Des vacances prises avec ses enfants.

Venu avec sa femme et leurs trois enfants, il savoure ces moments de détente avec eux. Rares sont les occasions où ils se retrouvent tous ensemble à prendre du bon temps. Mais il l’avoue, c’est forcé qu’il a cédé à ce besoin de repos. Son corps l’a lâché. Depuis janvier, il est en arrêt maladie à cause de son dos en vrac après des années à le solliciter sans relâche dans des activités marquées par la répétition des gestes, comme le fait de remplir chaque jour un godet désileur de betteraves avec une fourche, de porter des seaux de lait, de manipuler ou couper le bois… Ces tâches, harassantes, sont la cause d’une souffrance qui ne le quitte pas malgré les infiltrations et la prise de cachets destinés à l’endiguer. Après des radios, une IRM, un scanner est programmé dans les prochains jours. En attendant, le rhumatologue l’a averti : il va falloir songer à une reconversion.

La notion de répit

Le répit se définit par la notion de repos. Il s’agit d’une pause, d’un arrêt momentané dans un quotidien personnel et professionnel devenu insupportable pour de tas de raisons : pénibilité au travail, santé en berne, épuisement professionnel, burn-out, événements privés comme un divorce ou la perte d’un être cher. Les motifs ne manquent pour justifier le besoin de coupure et de récupération impératif à un moment donné dans la vie de la personne. Pour ce faire soit celle-ci initie elle-même un processus de repos. Soit elle est aidée par les travailleurs sociaux. C’est le cas pour ce séjour répit mis en place depuis 2016 par la MSA Haute-Normandie après le constat d’une dégradation du contexte socio-économique des agriculteurs, de l’épuisement de ces professionnels du fait de cette détérioration et la détection du besoin pour ces personnes de se retrouver et de prendre leur distance avec le quotidien professionnel. Les cinq jours du séjour ont été l’occasion de partager un moment en famille, de mener des activités en groupe, de suivre des activités sportives proposées par le village vacances AVMA Sweet home ou de visiter la ville de Cabourg. L’environnement, les activités libres ou collectives sollicitent l’attention imposant de nouvelles situations qui tranchent avec la routine. Les personnes font le vide en étant invités à le faire par la puissante du lieu qui les arrime à de nouveaux rendez-vous et par la force du groupe, source de nouvelles interactions.
La MSA propose aussi des séjours répits pour les aidants : découvrez nos reportages sur ce type de bulle d’air salutaire.
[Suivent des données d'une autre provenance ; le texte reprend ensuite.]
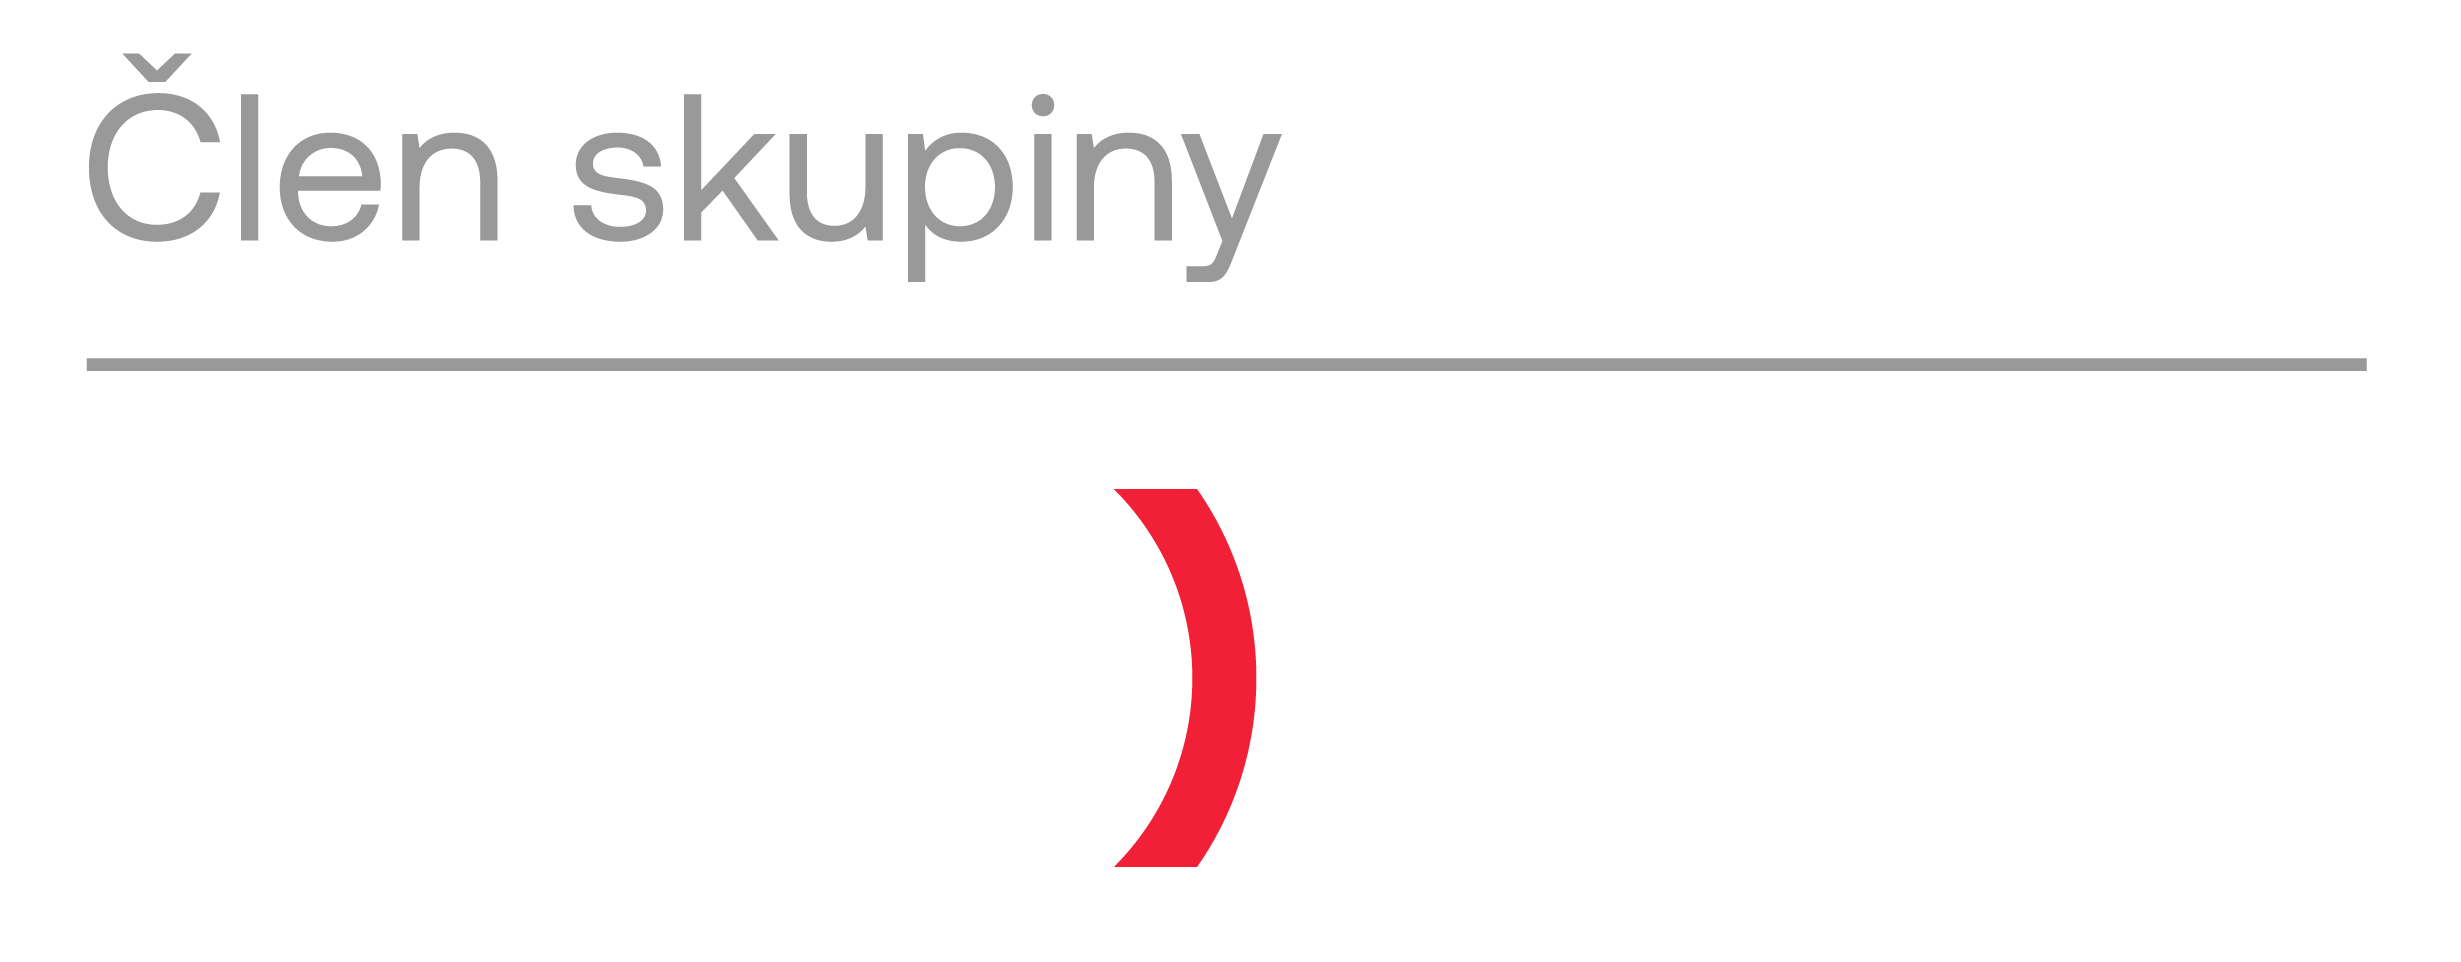 CZECHOSLOVAK GROUP

Henri est comme tous les autres membres du groupe. Pour accepter de partir, il a fallu l’intervention et l’accompagnement des travailleurs sociaux de la MSA Haute-Normandie qui couvrent les territoires de Seine-Maritime et de l’Eure et s’activent pour repérer les personnes en épuisement professionnel afin de leur proposer un séjour répit en groupe et en famille. Les 5 jours passés à respirer l’air marin rompent le quotidien et les requinquent par un dépaysement complet. Les deux accompagnatrices de la MSA, Claire Silva et Stéphanie Breant, qui ont organisé le séjour, veillent au grain. L’une est assistante sociale, l’autre est conseillère en économie sociale et familiale. « C’est un sacré changement pour eux même si ce n’est pas très long. Voir la mer, pouvoir dormir le matin, se faire servir, c’est inhabituel. Il y a une perte de repères », explique Stéphanie Breant.

Stéphanie Breant, conseillère en économie sociale et familiale, et Claire Silva, assistante sociale ont organisé le séjour. Toutes les deux sont accompagnatrices pour la MSA Haute-Normandie sur ce séjour.

Même quand les gens atteignent un stade critique dans leur vie comme c’est le cas d’Henri, il faut trouver les mots et les arguments pour les convaincre de partir en répit. Le travail de persuasion est long à la mesure du processus d’acceptation, lent. Et il n’aboutit pas du premier coup. Claire en témoigne : « J’ai eu une famille avec 4 enfants très intéressée. Au dernier moment, elle a refusé de partir. » Et « notre rôle à nous est de lever le maximum de freins pour les y aider », rappelle Stéphanie. Il faut déjouer les réticences, venir à bout des peurs et des blocages comme la crainte de confier son exploitation à quelqu’un qu’on ne connaît pas ou le coût élevé du séjour. « Il y a une participation de 100 euros par adulte et après, précise l’accompagnatrice, c’est dégressif par enfant. Parfois, cette somme-là est déjà trop chère. » Sur cet aspect financier, des solutions existent et peuvent être proposées par les professionnels de l’action sociale [à lire le coup de chapeau de la député Véronique Hammerer aux travailleurs sociaux de la MSA, des artisans du bien-être].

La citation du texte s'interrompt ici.